I'm from Old South Wales and I'm interested almost everything. Narrowing it down a bit: cooperatives, social enterprises, decent public services, complexity science, The Cynefin Framework, behavioural science and a sustainable future. In 2018/19 I completed a Winston Churchill Travelling Fellowship, looking at big cooperative enterprises and social businesses in NE Spain and the USA. You can find out more here:

18 Responses

  1. Louise

    You’ve just reminded me that when I was at school we had to do this with a mini cannon. It was exhausting but such fun. I think I still have the medal somewhere I got for being on the winning team!

  2. Chris kirman

    Watched the competition many times when competing myself in the Inter Service Skill at Arms Competition at the Royal Tournament. Excellent entertainment and always got audience participation. After our own events we used the Field Gun bar to drink and relax. My wife was introduced to Pusser’s Rum in the bar when she came to visit with my 2 year old son. She asked for white wine and got a double rum. She was addicted for life.

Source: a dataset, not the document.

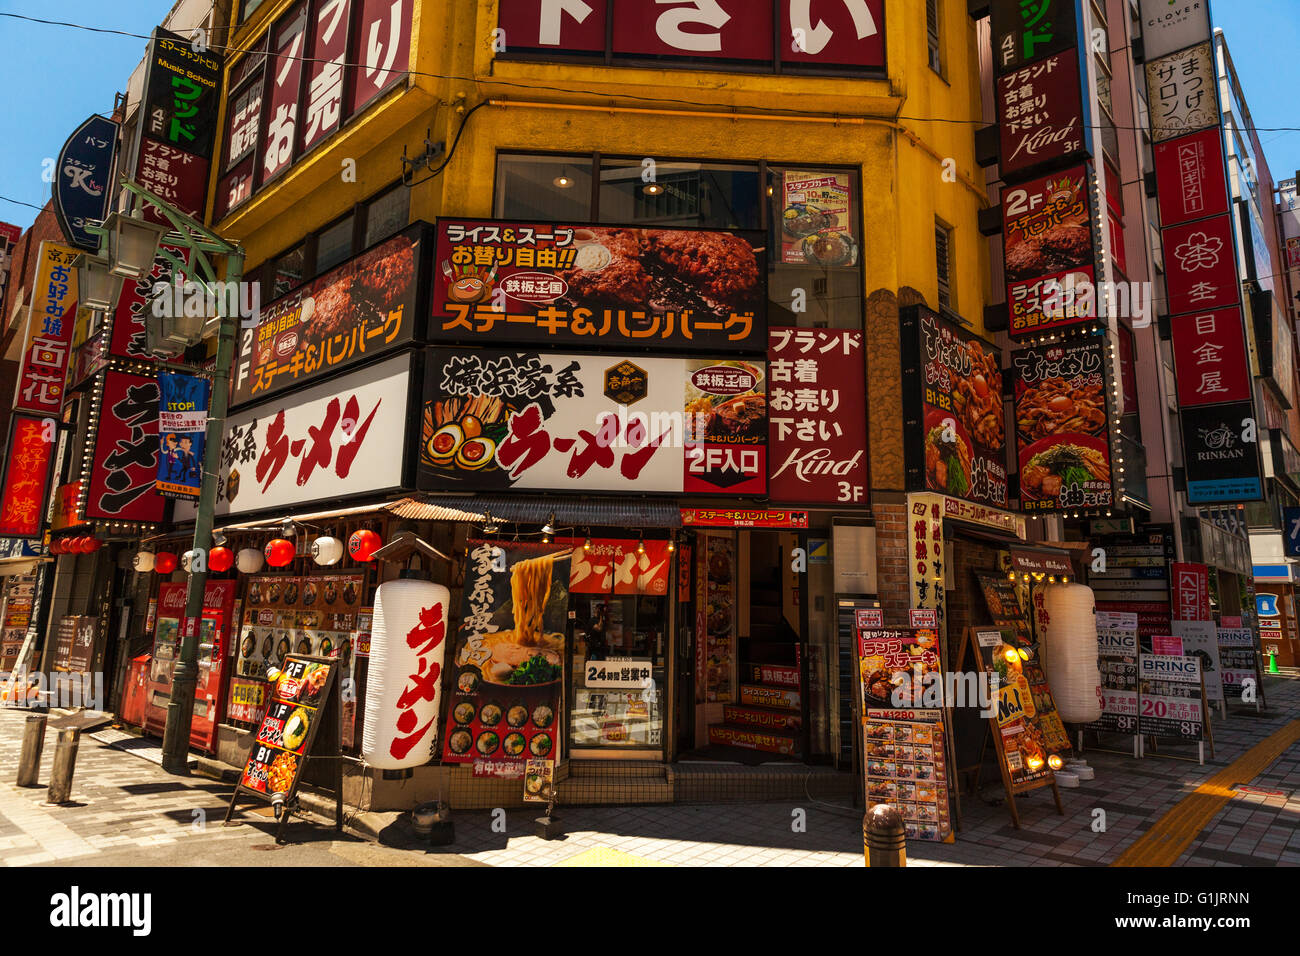 A Japanese restaurant advertising food Stock Photo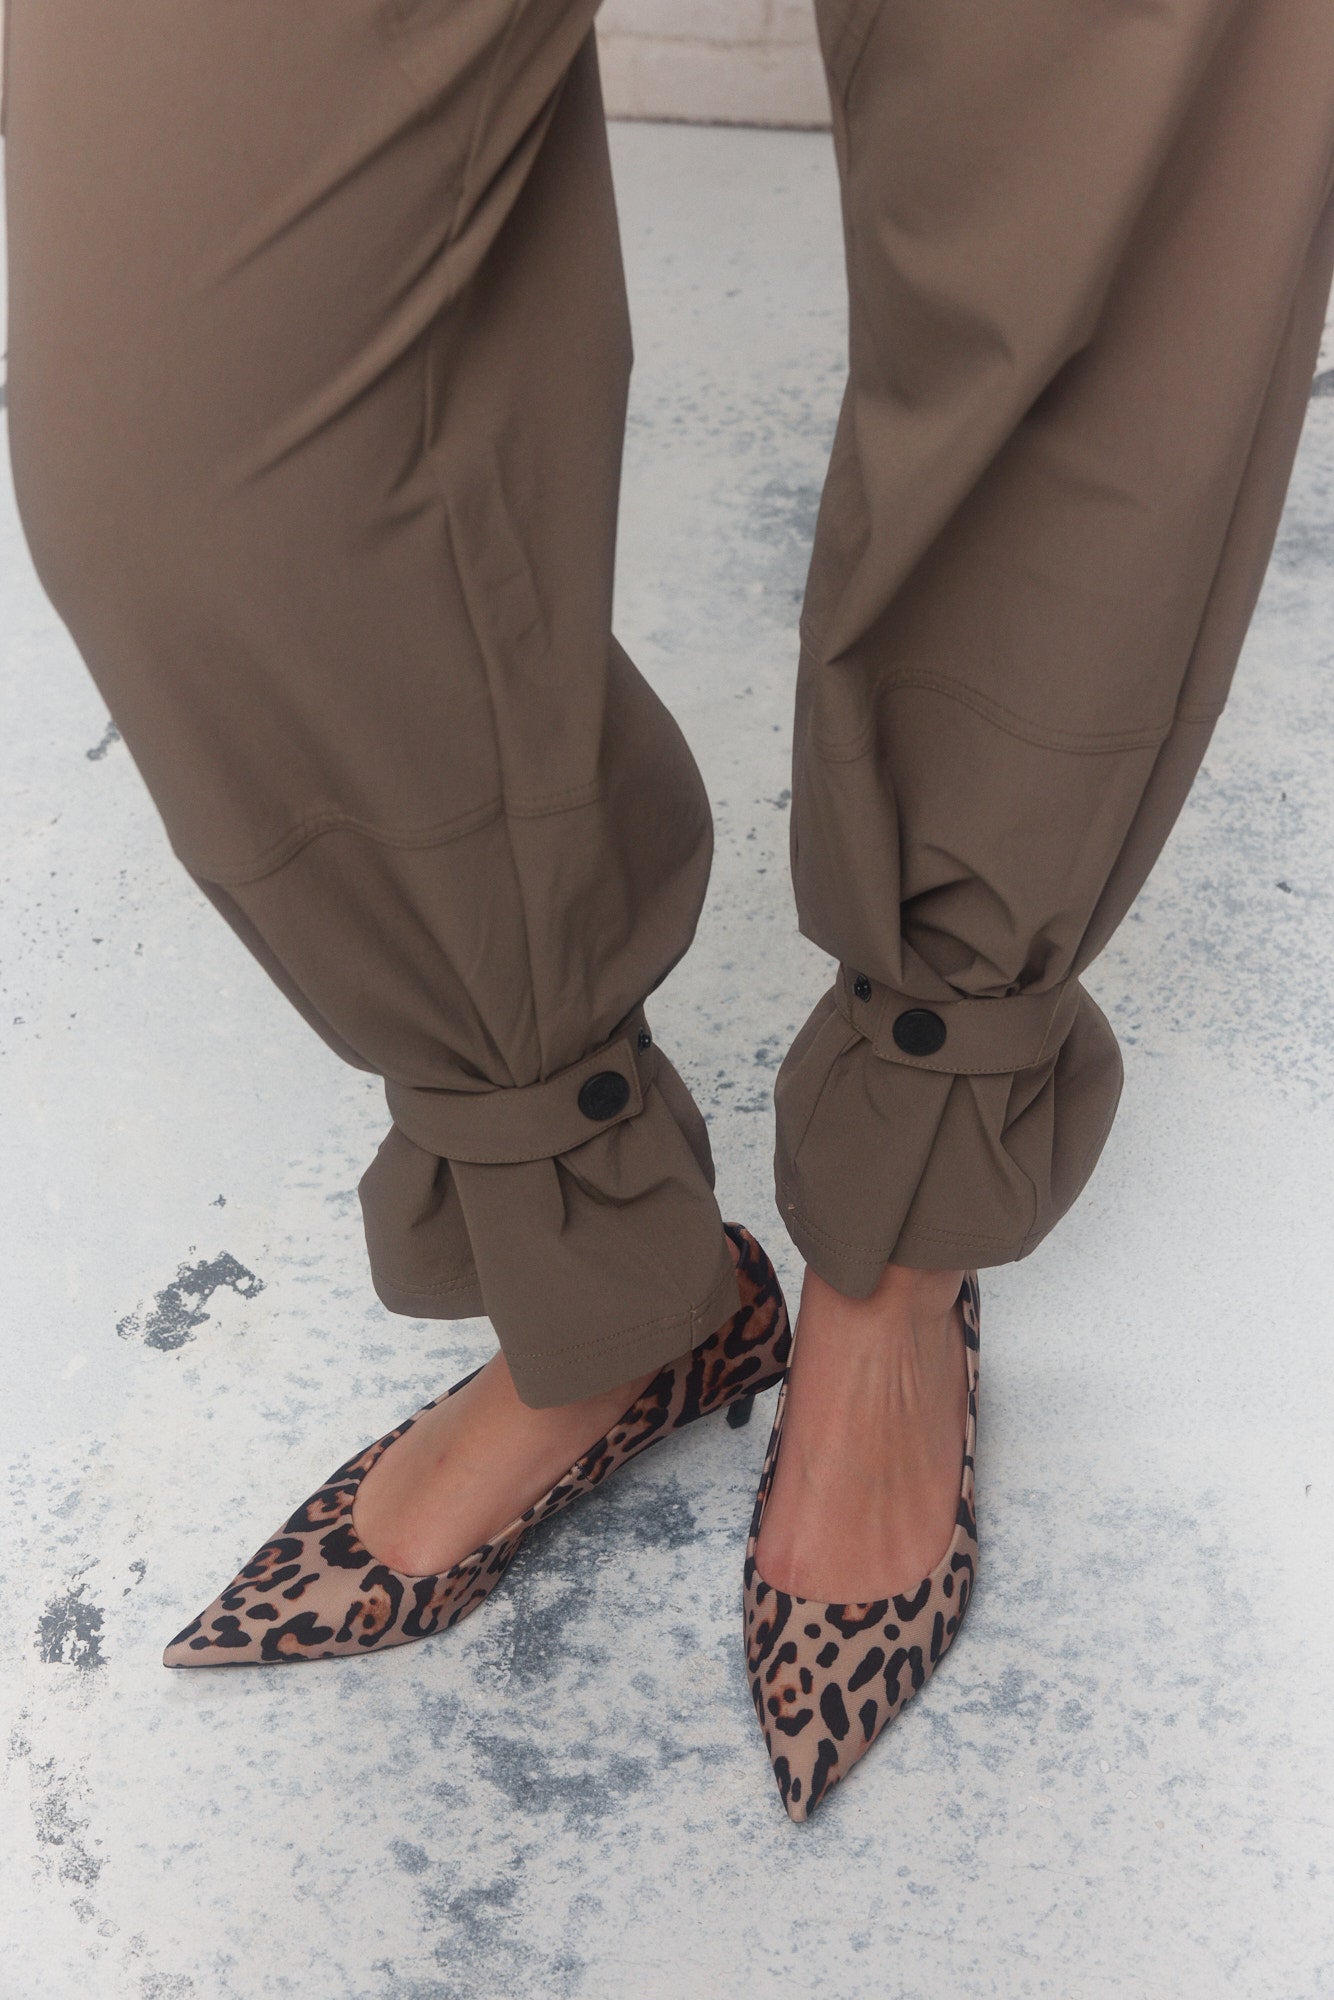 Pantalon vert-kaki ajustable aux chevilles | Raina

  3. Was involved with manchester youth field gun crew for quite a number of years/ I would say the best years of enjoyment doing something, and watching young lads compete in THE toughest team sport in the world was fantastic, you cannot praise the bravery enough, or their spirit.

    1. Alex Howard

      Terry, could you get in touch as I would not want the northern gunners to be left out as I develop the youth foundation for the sport. I intend to host a youth field gun council in the spring to kick things off. Cheers Alex

  4. Alex Howard

    Terry, command field gun was considered to have died in 1999 and since then the sport has been dominated by flat runs run by amateur teams. The shift was the change from the athletes (serving sailors drafted to the team) being professional to the sport becoming wholly amateur; yet another unique facet of the sport. I intend to change that! I am in the process of making the sport professional once more as I can see no other way of getting ‘command’ back where it belongs. There’s not just one mountain to climb but many. I am also developing governance and the youth foundation for the sport. I would welcome enquiries form anyone and particularly if you feel you could contribute or were part of the Manchester or Bolton Youth teams. Burning…….

  5. Russ Coulthard

    19 years since we last run, we are mates for life a special brotherhood that now extends to the rival crews we ran against. We have a great get together every Army Navy rugby match

  6. Gaz

    A great article… and I’m even in the video from the last run… with all fingers… just… was a great loss to the Navy and a spectacle of the likes we will never see again. BZ.

  7. Jim

    RAF have still got the Red Arrows! The Army have plenty of bands and horses!
    This was the only decent PR the navy ever had! Despite the great leadership training!

    Gone forever! Thanks Mr Blair.

  8. I was a medic at RNB (Portsmouth) and often had the task of repairing field gunners. they would come in “Broken” Fingers, ankles, you name it. but the words would be “strap It up Doc I’m running tonight”.. the first was a request. but you cant run with that! “Strap it up Doc I’m running tonight”. second time was not a request.. Go for wisdom not valour. Do not go for best of three. You would strap it up. He would say thank you and go on his way and he would run that night.. Field gun is not a sport it is a religion. I knew a guy that would try for selection every year. to get fit he would punch a senior rate for which he would be sentenced to Detention. Quarters. that was a hard regime.. he would come out of there really fit for his selection exam.. It was a sad sad day that these contest between the bases died. even if it did make it easier for us medics.. Of course The Royal Tournament at earls Court was one of the best recruiting forces ever.